Wednesday, December 24, 2008

Arabic as a Sacred Language

From BBC News:
The highest authority of Sunni Islam, al-Azhar University in Cairo, says it has approved the first interpretation of the Koran by a woman. Sheikh Ali Abdelbaqi Mitwali told the daily al-Masri al-Youm that al-Azhar has approved the interpretation (tafseer) submitted by Kariman Hamza, a former broadcaster. Books in Egypt dealing with the Koran or Islamic tradition have to secure the approval of al-Azhar before publication,
which is a pretty big publishing hurdle. Hamza, a religious broadcaster, has been subject to criticism from religious conservatives for her previous work Rifqan bil-Qawarir, a religious guide for women, as Fedwa Malti-Douglas discusses in "Female Body, Male Gaze" in her book Medicines of the Soul: Female Bodies and Sacred Geographies in a Transnational Islam. But she is also famous as one of the few -- and possibly the first -- veiled woman television presenter. Refreshingly (given the Pope's view of the fixity of binary gender)
Sheikh Mitwali said there was no such thing as a "male" or "female" reading of the holy book and that "what mattered for us was that the interpretation was in line with the text of the sacred Koran and that it did not contradict the rulings of Sharia".

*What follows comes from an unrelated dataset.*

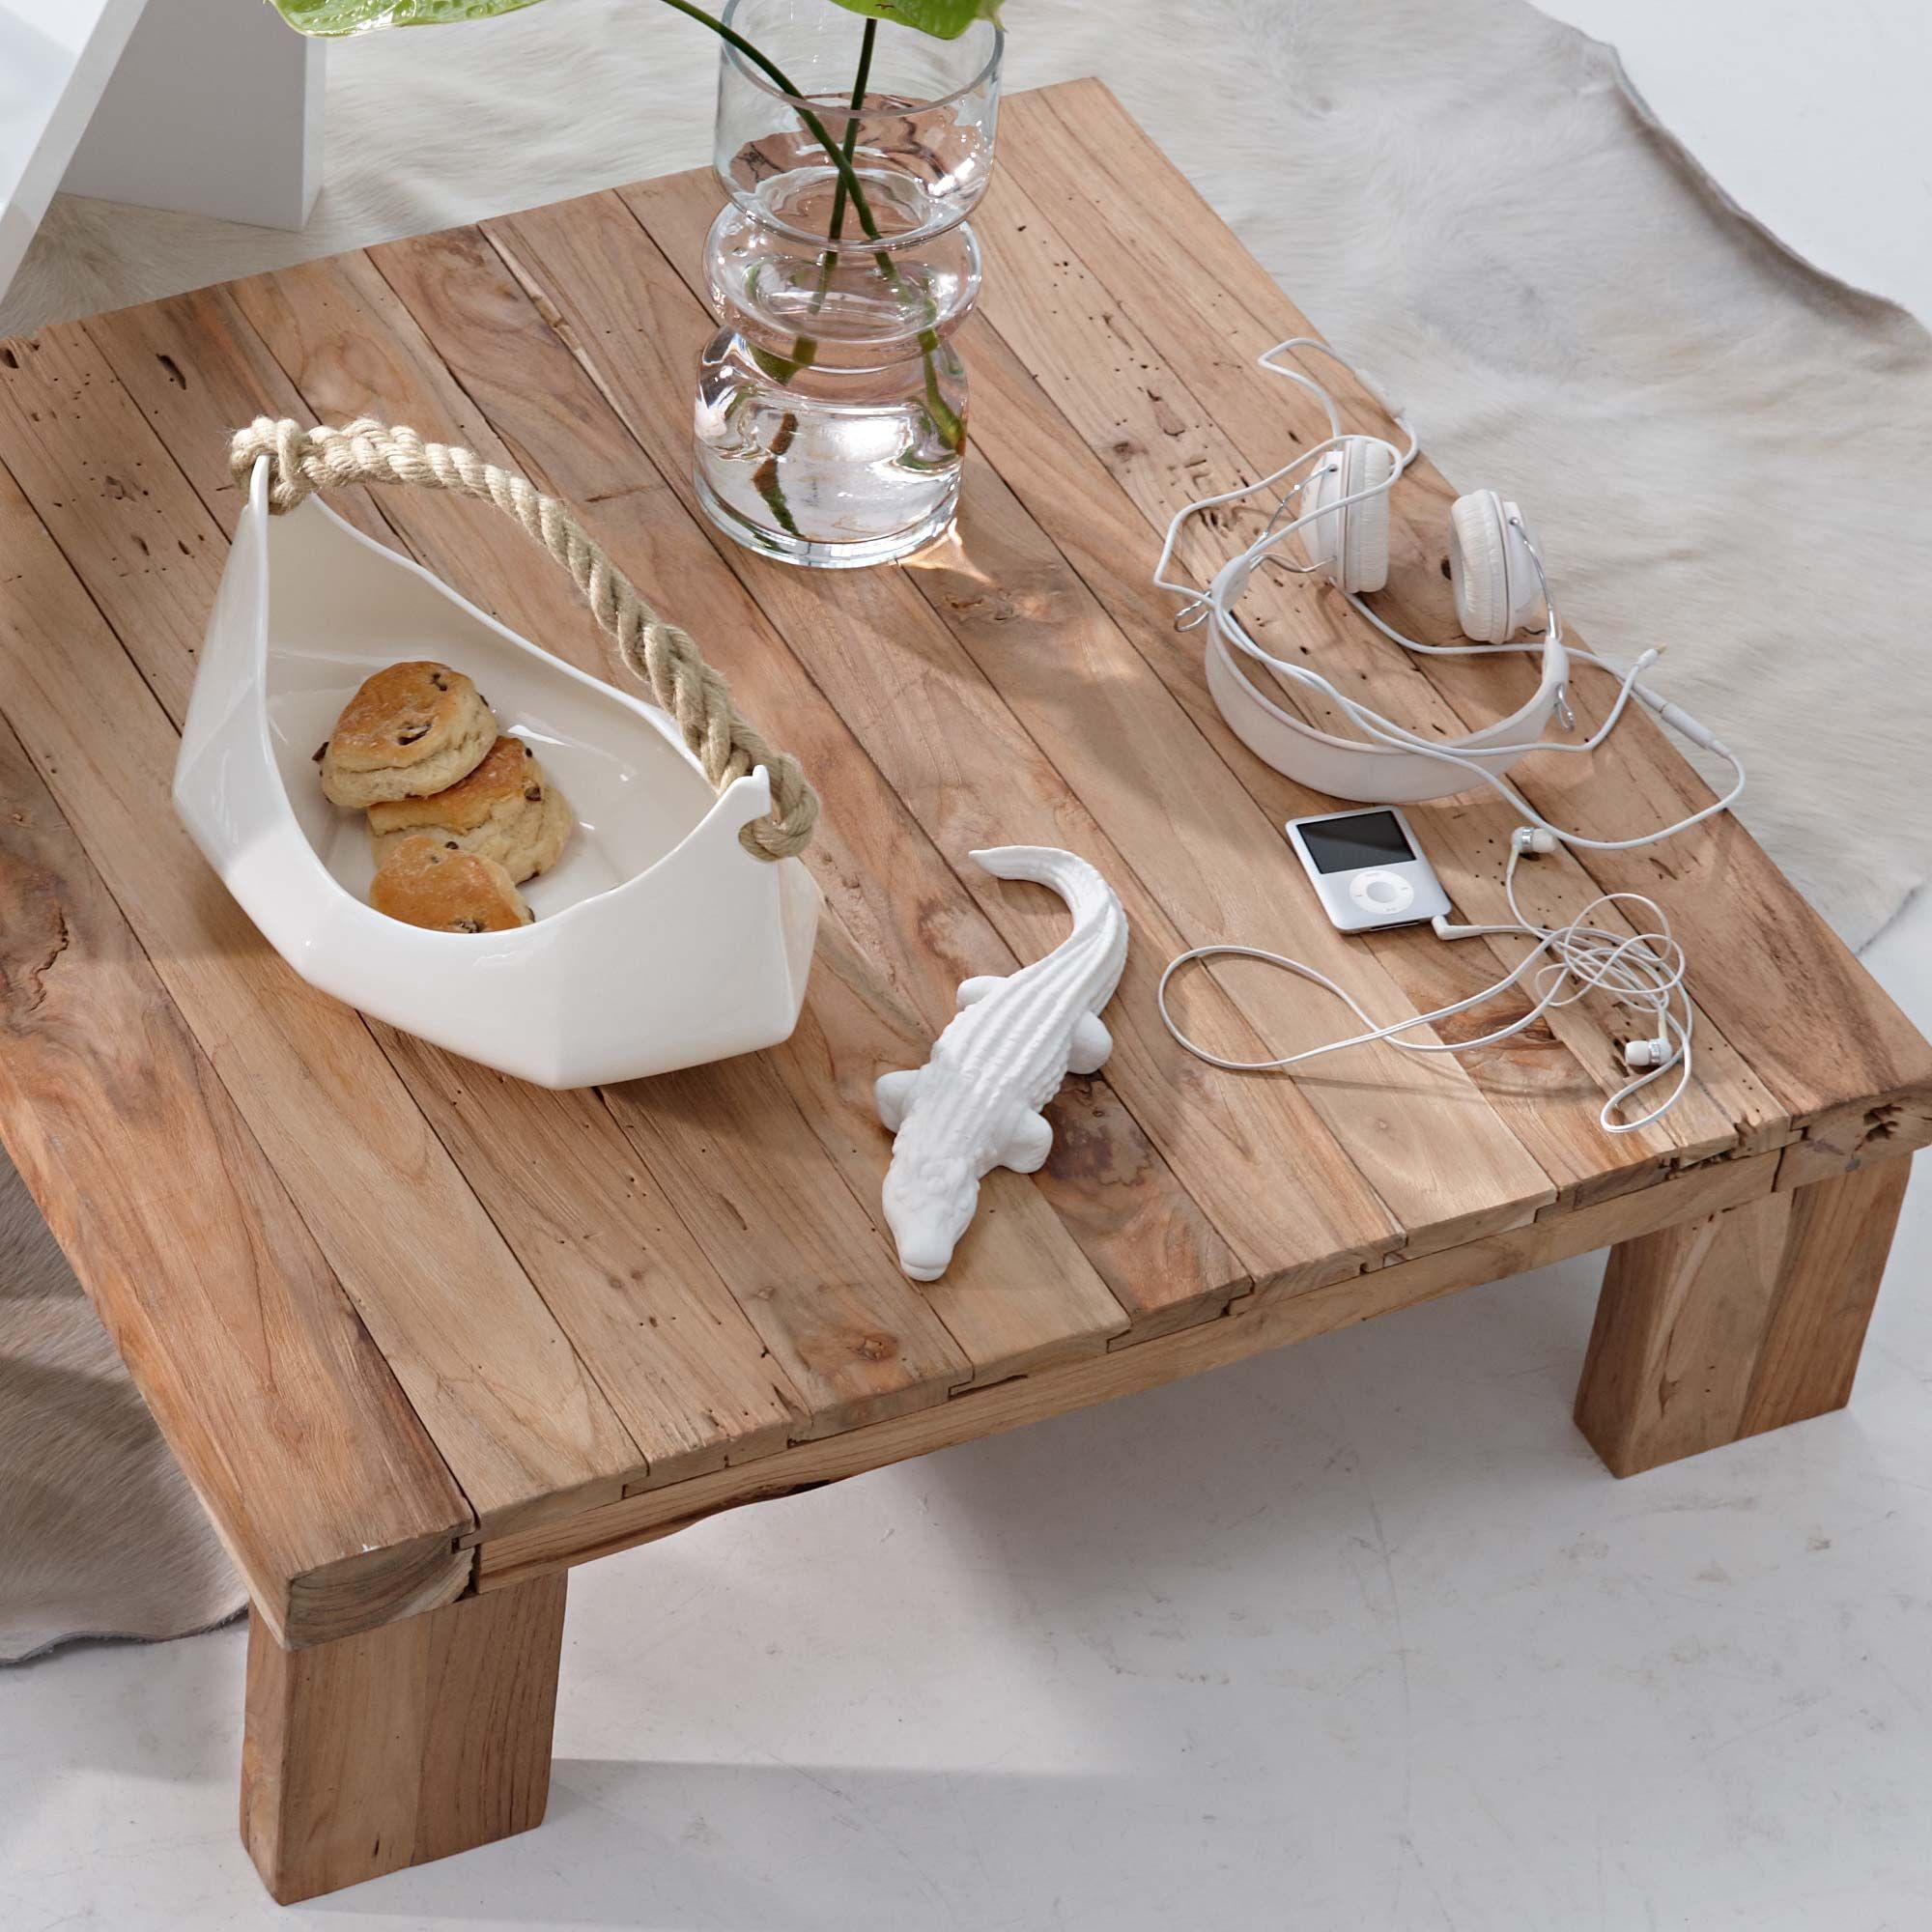 couchtisch dream home pinterest. Black Bedroom Furniture Sets. Home Design Ideas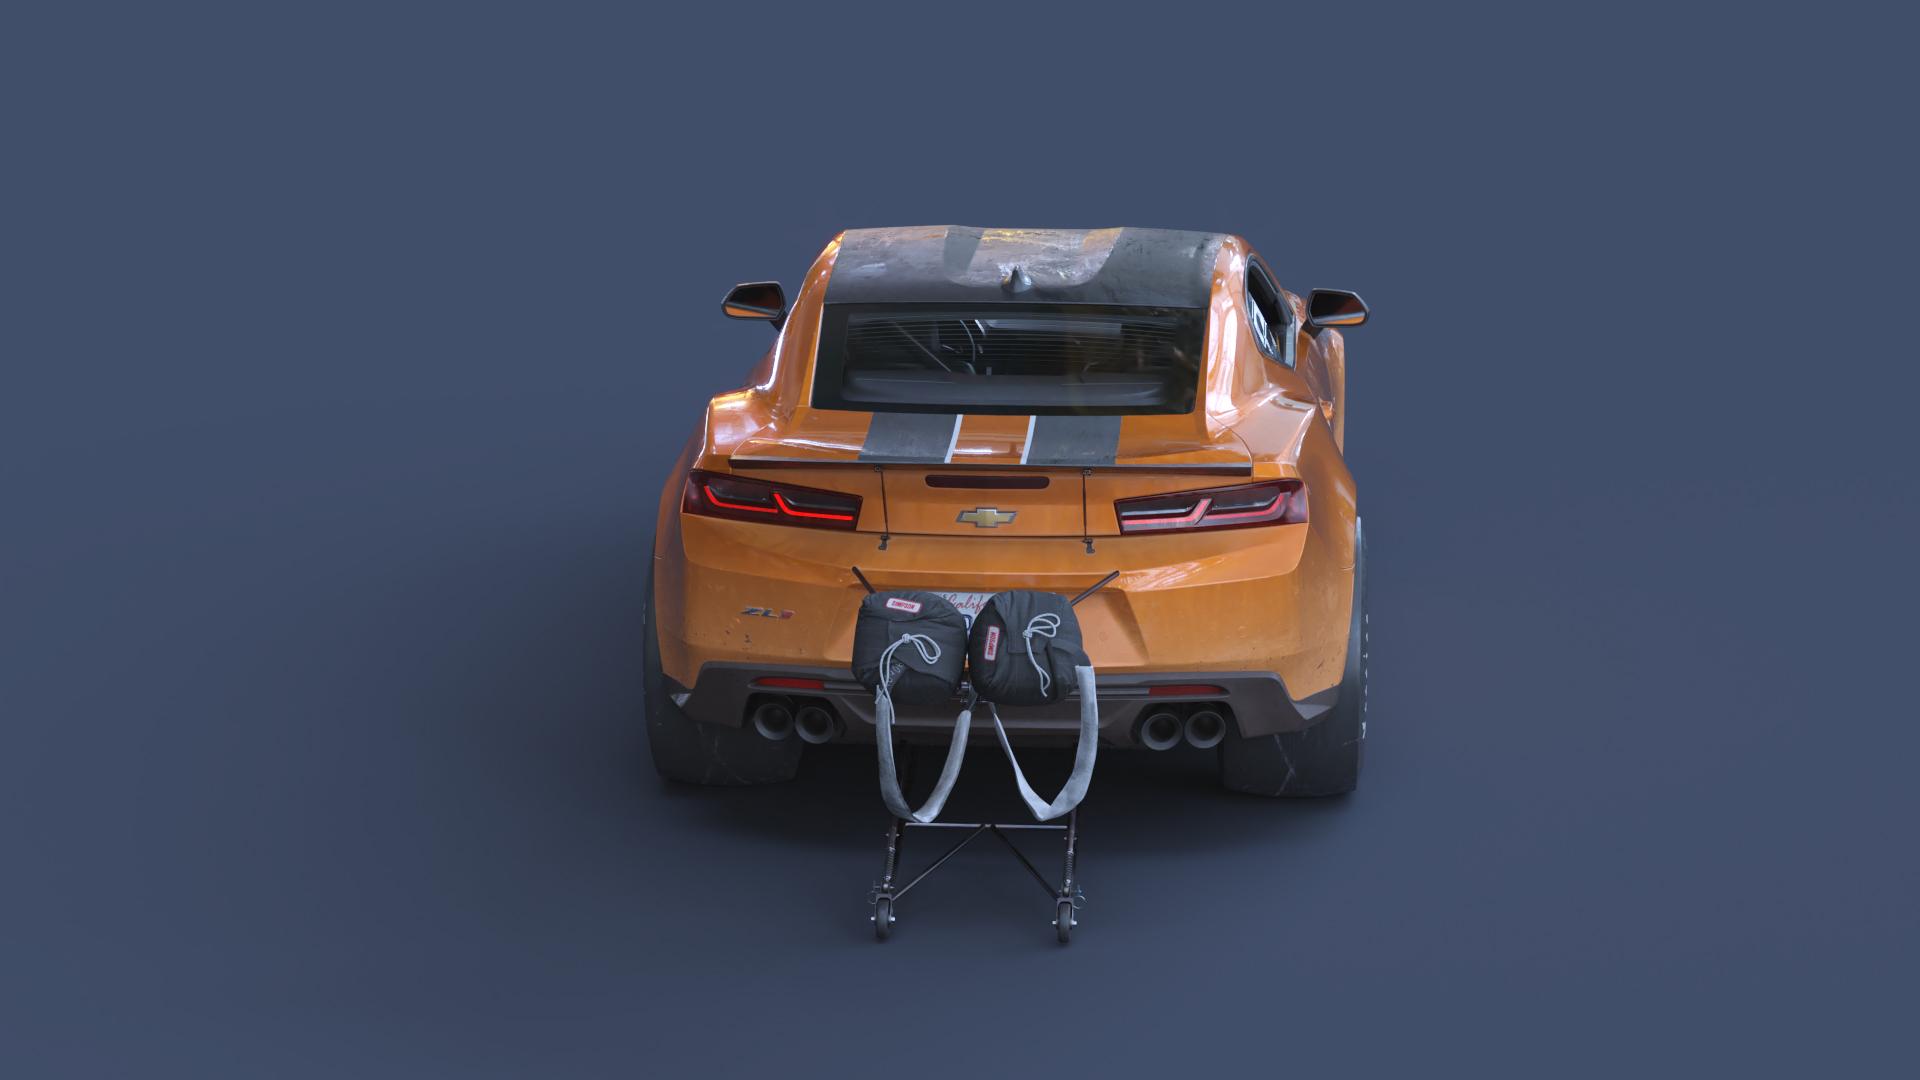 Drag racing Camaro - Car Render Challenge 2019

Blogger Bint Battuta in Bahrain picks up a Pakistani blog from Global Voices that has an entertaining take on how Arabic's sacred status as the language of the Quran informs behaviour in Muslim communities outside the Arabic world. As S
ub Corollary of 4-II: Everything has an ‘Al’ behind it. It is ‘Al-Mc Donalds’ and ‘Al Basmati Rice’. If you want, you can call your children ‘Al-Children’ and you would be a better person for it.
demonstrates, this doesn't necessarily relate to fluency in Arabic or a deeper religious or cultural understanding...

So happy al-holidays (and good reading) to all PEN Atlas readers!